Однако встает вопрос, по каким критериям разделять тенденции на основную и побочную. Метод различия кажется слабым силлогизмом, в котором недостает третьего члена. В действительности это не так. Различие по природе не проходит между тенденциями. Оно не является внешним. Например, «абстрактное» время у Бергсона является смесью двух различных по природе тенденций: пространства и длительности; само пространство, в свою очередь, также является смесью различных по природе материи и, опять-таки, длительности. Иначе говоря, длительность проступает в каждом разделении смеси. Но как определить длительность? При анализе всех определений длительности, данных Бергсоном, Делез обнаруживает, что ее единственной устойчивой характеристикой является следующая: длительность это то, что различается само с собой (diffère avec soi). Длительность каждый раз проявляет себя как различие с собой, различие по природе. Так, интенсивность, будучи смесью, разделяется на две тенденции: чистое качество и экстенсивное количество; при этом чистое качество (или ощущение – на этот раз длительность предстает в этом своем аспекте), есть то, что меняет собственную природу, различаясь с собой. Ощущение – всегда то, что меняет свою природу, а не величину. Таким образом, различие по природе перестает быть внешним, обретая субстанциальность и становясь «вещью», тенденцией. Поэтому различие по природе не находится «между» двух тенденций, но является одной из них. Разложение смеси дает не просто две различные по природе тенденции, но различие по природе как одну из двух тенденций. Таким образом, мы больше не испытываем необходимость по внешнем правиле для выбора положительной тенденции: длительность, открывающаяся каждый раз в одном из своих аспектов, всегда оказывается «справа». Такая многоаспектность длительности объясняется тем, что длительность различается сама с собой, ее существенное свойство состоит в том, чтобы представать каждый раз иначе. Вместе с тем, одна и та же тенденция, в зависимости от характера смеси, может располагаться как справа, так и слева: например, в случае с животными интеллект затрудняет действие инстинкта, оказываясь побочной тенденцией; в случае же с человеком, наоборот, именно инстинкт затрудняет действие разумной способности, которая, являясь на этот раз выражением длительности, занимает место справа.

Поскольку различие как длительность не является внешним, его процедурой не может быть разделение, то есть отличие вовне, как это было в случае с разделением тенденций. Речь в данном случае идет о дифференциации, то есть различении с собой. Дифференциация – то, посредством чего различается тенденция, каковая есть, в отличие от смеси, нечто простое, неделимое, чистое. В биологическом плане дифференциация есть процесс осуществления жизни, которая порождает на расходящихся направлениях все новые творческие средства.

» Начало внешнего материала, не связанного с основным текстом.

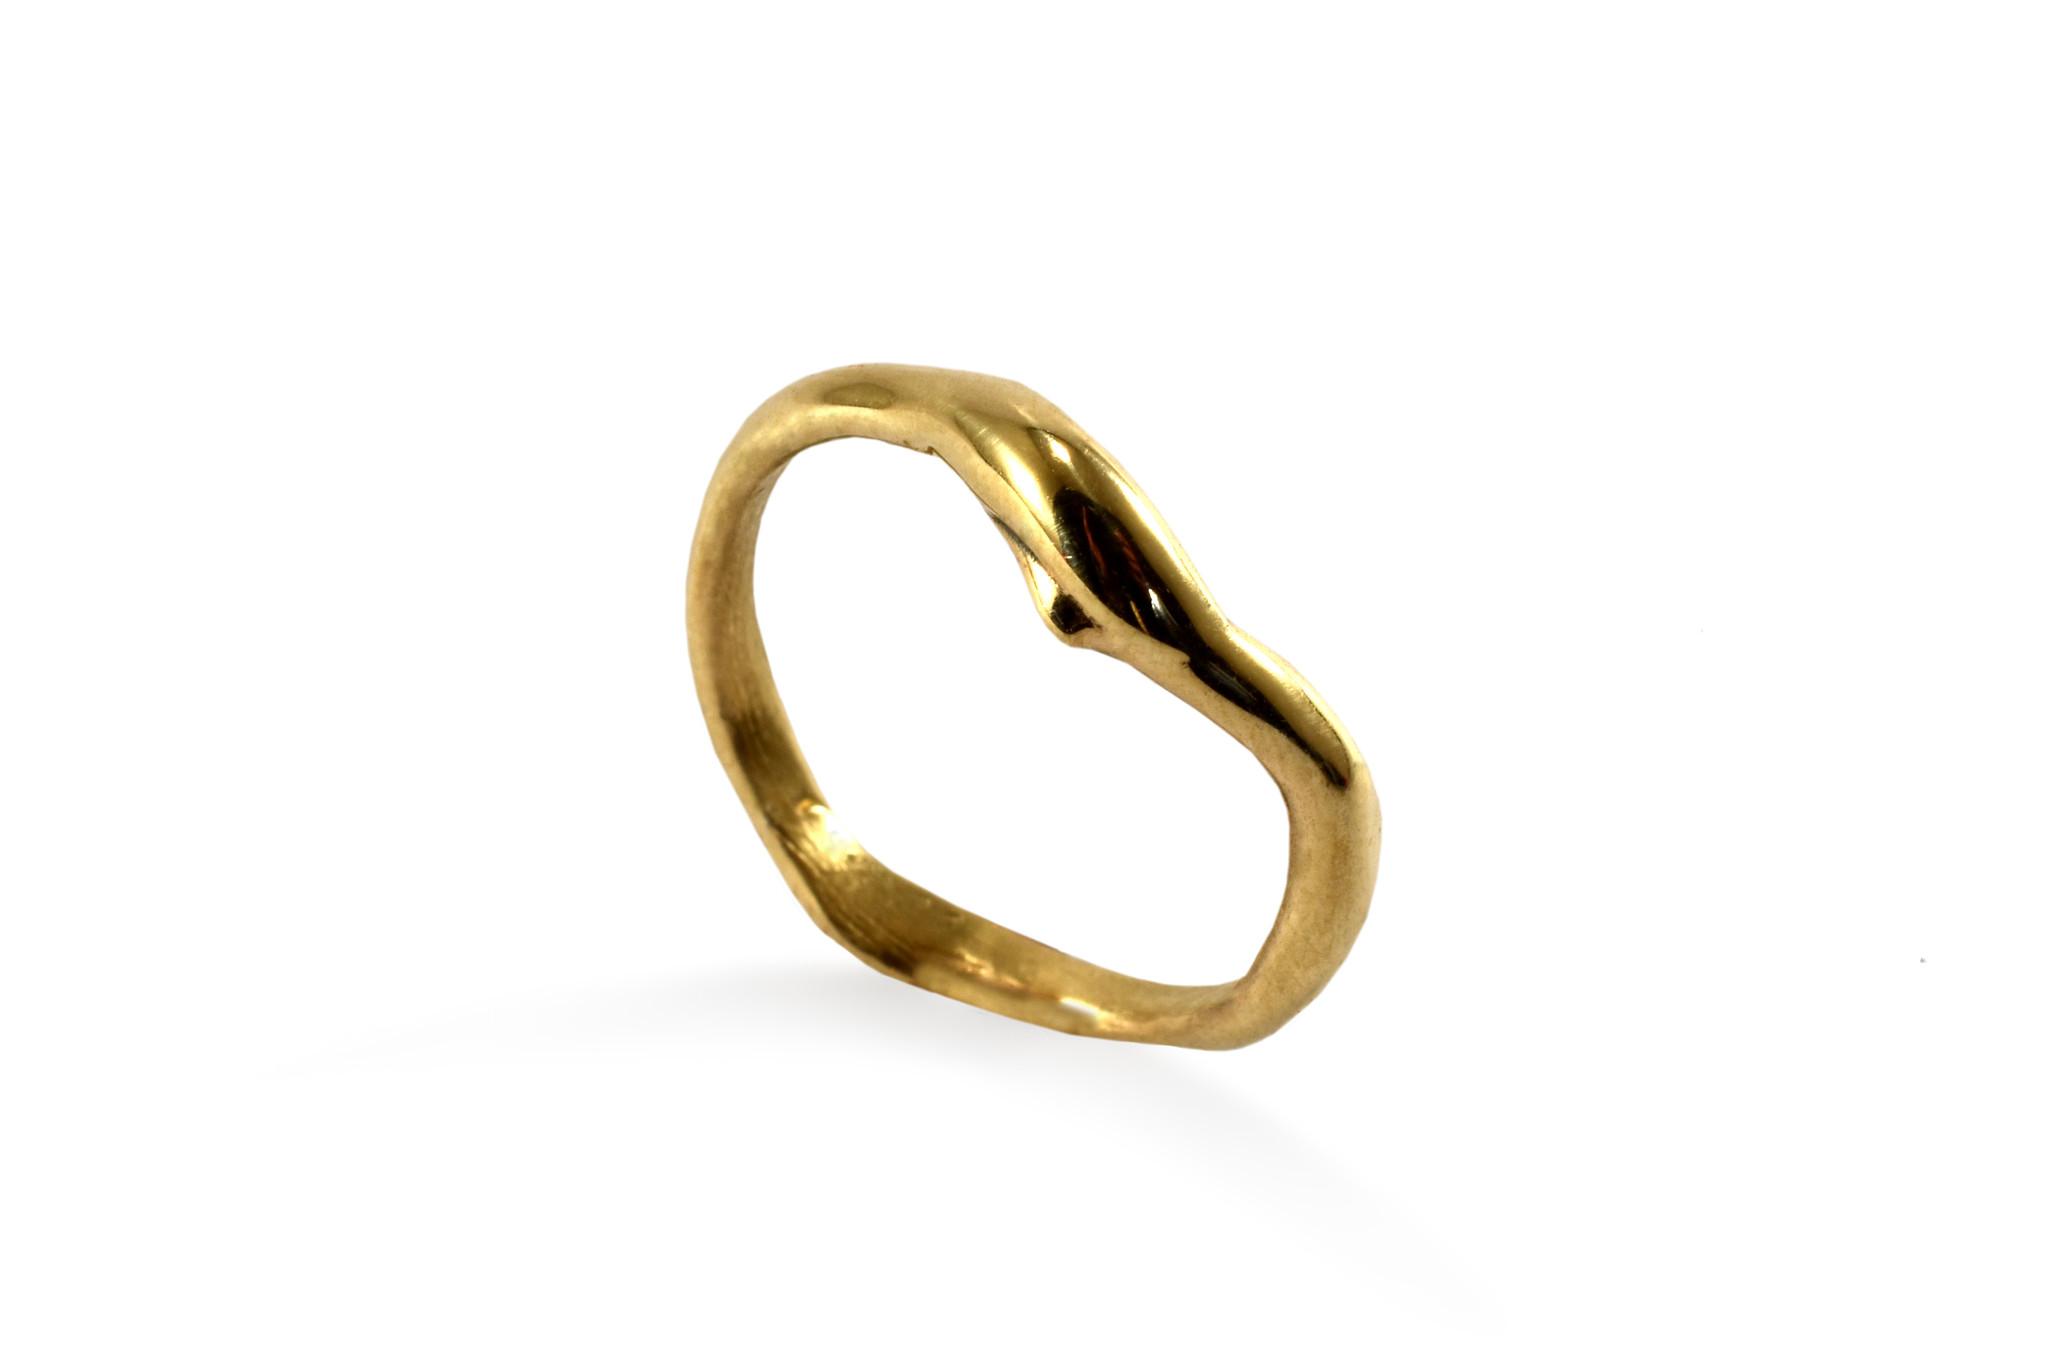 The Drip, Pollock, Big Ring, Jewelry, Art, Handmade, Custom, Unique, Vail, Colorado

Дифференциация свидетельствует о непредсказуемости появляющихся форм, выступая как альтернатива любой детерминации. При этом непредсказуемость понимается не как отступление от неких законов жизни, но в качестве самого закона. В то же время подобие форм на линиях эволюции свидетельствует о том, что реализующееся в ходе дифференциации есть, прежде всего, различие с собой, различие того же с тем же, что оно обладает в этом смысле некоей сущностью и тождественностью, сохраняющейся в ходе становления. Тем самым, похожесть двух форм объясняется тем, что они получены, и та и другая, за счет реализации различия как всеобщего продуктивного принципа.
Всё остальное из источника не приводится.